Wednesday, 27 April 2022

The House in Paris - Elizabeth Bowen

"When eleven-year-old Henrietta arrives at the Fishers’ well-
appointed house in Paris, she is prepared to spend her day between trains looked after by an old friend of her grandmother’s. Little does Henrietta know what fascinations the Fisher house itself contains–along with secrets that have the potential to topple a marriage and redeem the life of a peculiar young boy. By the time Henrietta leaves the house that evening, she is in possession of the kind of grave knowledge that is usually reserved only for adults."

I was unsure of what to expect with this book, as I picked it up merely because of an intriguing blurb and an aesthetically pleasing cover. What I found inside was a deeply unusual, constrained, tense yet stunningly beautiful work. This book haunts you. 

Some have said that the main characters, the 11 year old Henrietta and the 9 year Leopold, don't act like real children. I have to beg to differ. The rigid mistrust and hierarchy is very true to the experience of the inner lives of children. (Or at least to my experience of childhood.) Children don't fully understand that they are children, thus their emotions and inner lives are by no means neutered by that fact. 

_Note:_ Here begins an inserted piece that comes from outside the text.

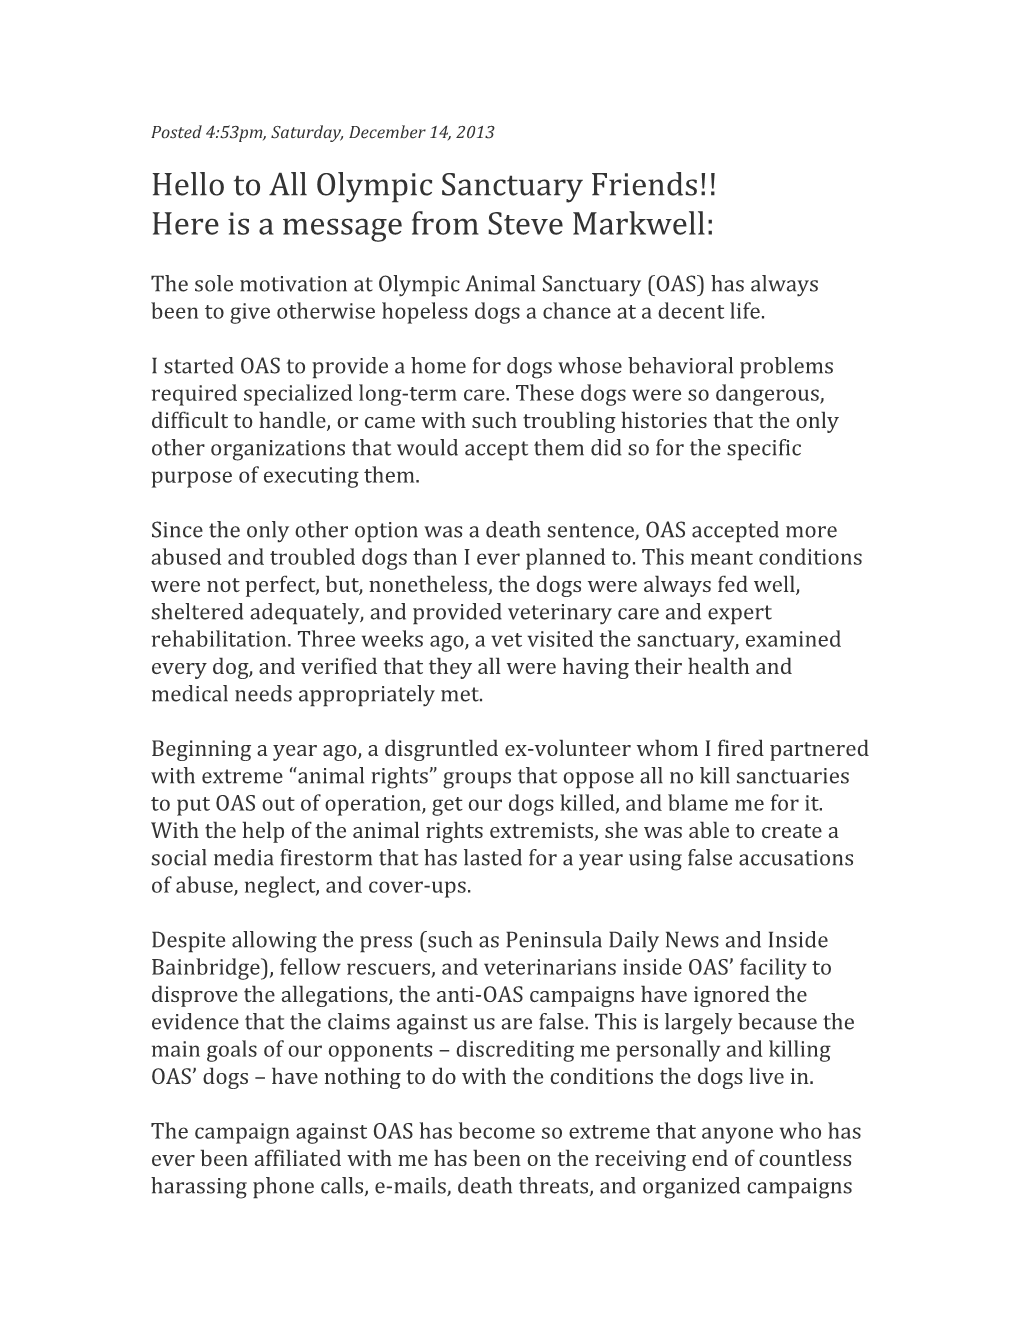 Hello to All Olympic Sanctuary Friends
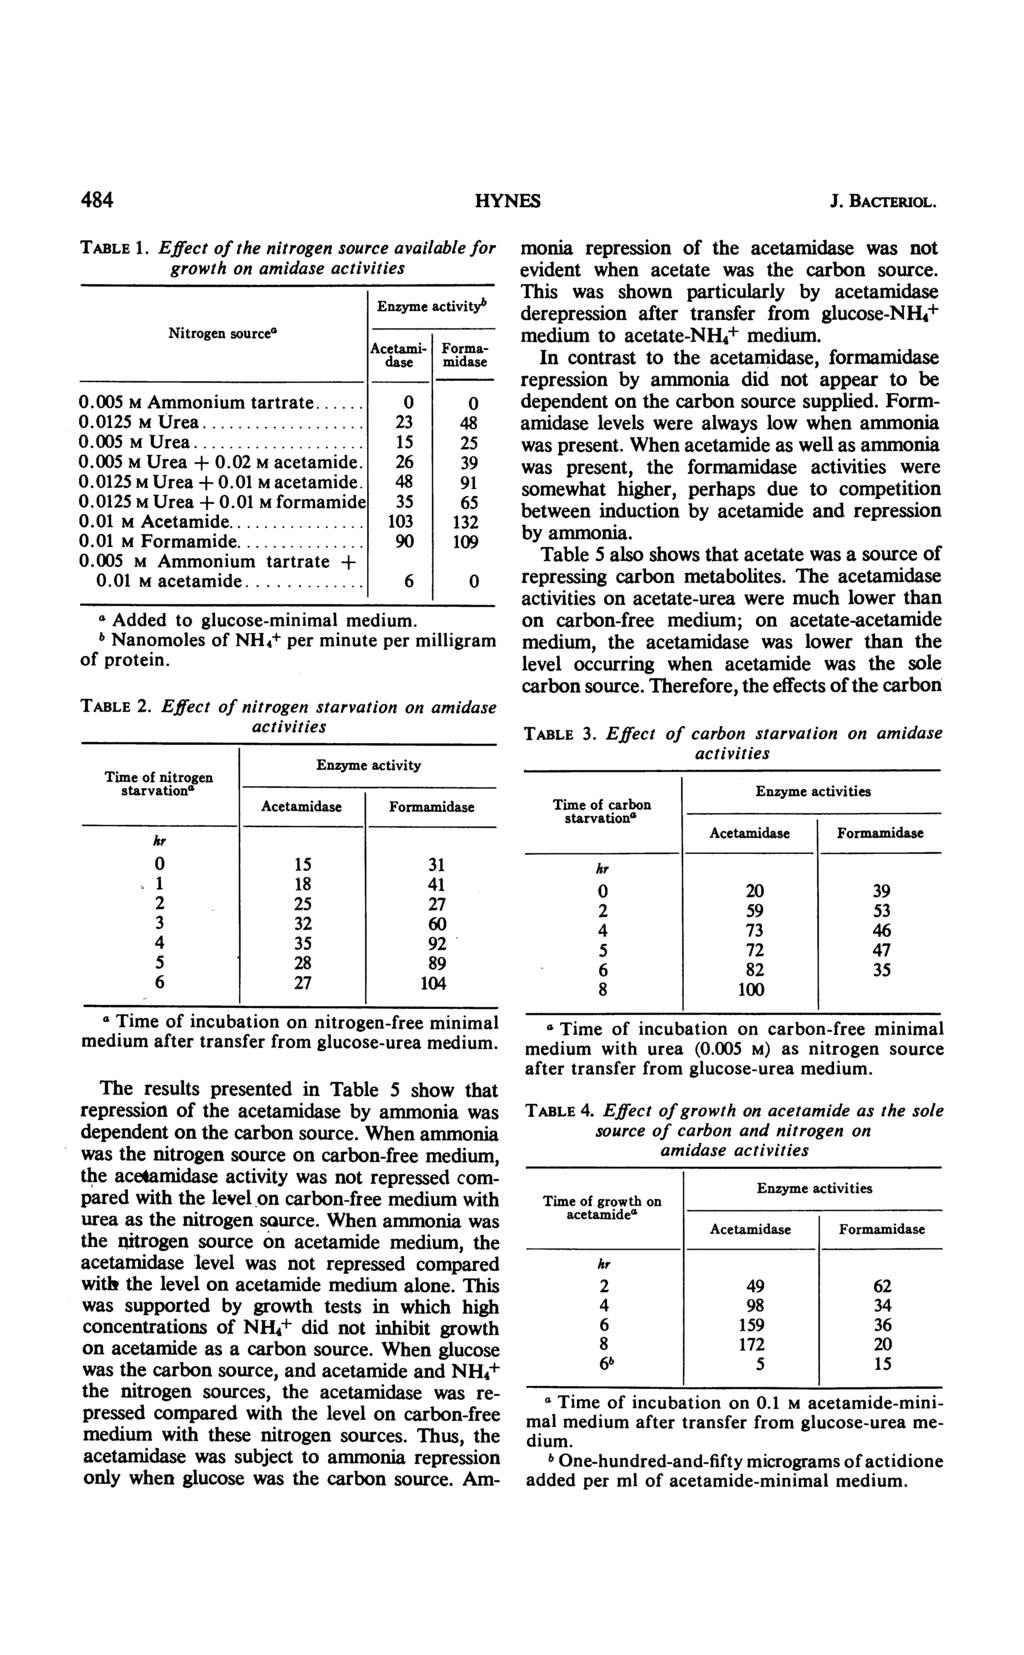 484 HYNERS J. BACTERiuOL. TABLE 1. Effect of the nitrogen source available for growth on amidase Nitrogen source" Enzyme activity, Forma- midase 0.005 M Ammonium tartrate 0 0 0.0125MUrea... 23 48 0.

The plot is relatively simple, a sad romantic entanglement between a group of friends. It's simplicity is what makes it brilliant, it allows Bowen the time and space to really explore the emotions, tensions and atmosphere of these characters. What most struck me was Bowen's writing style. Bowen’s sensibility is heightened to the pitch of a lonely woman in a big house who hears what sounds like an intruder downstairs in the middle of the night. Inanimate objects become animated and not only contribute to the tension of every passing moment but define it. The way light falls or dwindles becomes a coded text of prophecy. It took me a while to get into the rhythm of the book, at once feeling melodiously slow and tensely frenetic. Bowen's primary story-telling device is dialogue, dialogue filled with hidden meaning delivered in staccato. This tempo gets even more frenetic when Bowen writes in monologue, telling a person's thoughts. Bowen covers a range of themes in a relatively short book: the creation of identity, time, secrets and lies, sexuality and sensuality, the constraints of society, death, the relationship between mothers and their children.

The most fascinating character to me was definitely Madame Fisher, the controlling and menacing matriarch. Her ever-watching presence that consumes the house with a creeping ennui. 

A story of passion and heartbreak, of sexual power and destruction - without ever being voyeuristic, it is deeply erotic. Leopold is the living personification of passion spent and lost, and his future, standing at the station in the end, is just as open as his mother's was before her path was chosen. This novel spins an intricate and horrifying atmosphere, that feels at once deeply peaceful and deeply unnerving. A book that is less enjoyed but felt. I would highly recommend.

Age Rating 16+ Adult themes and a unique writing style that might need a slightly higher comprehension to understand/appreciate.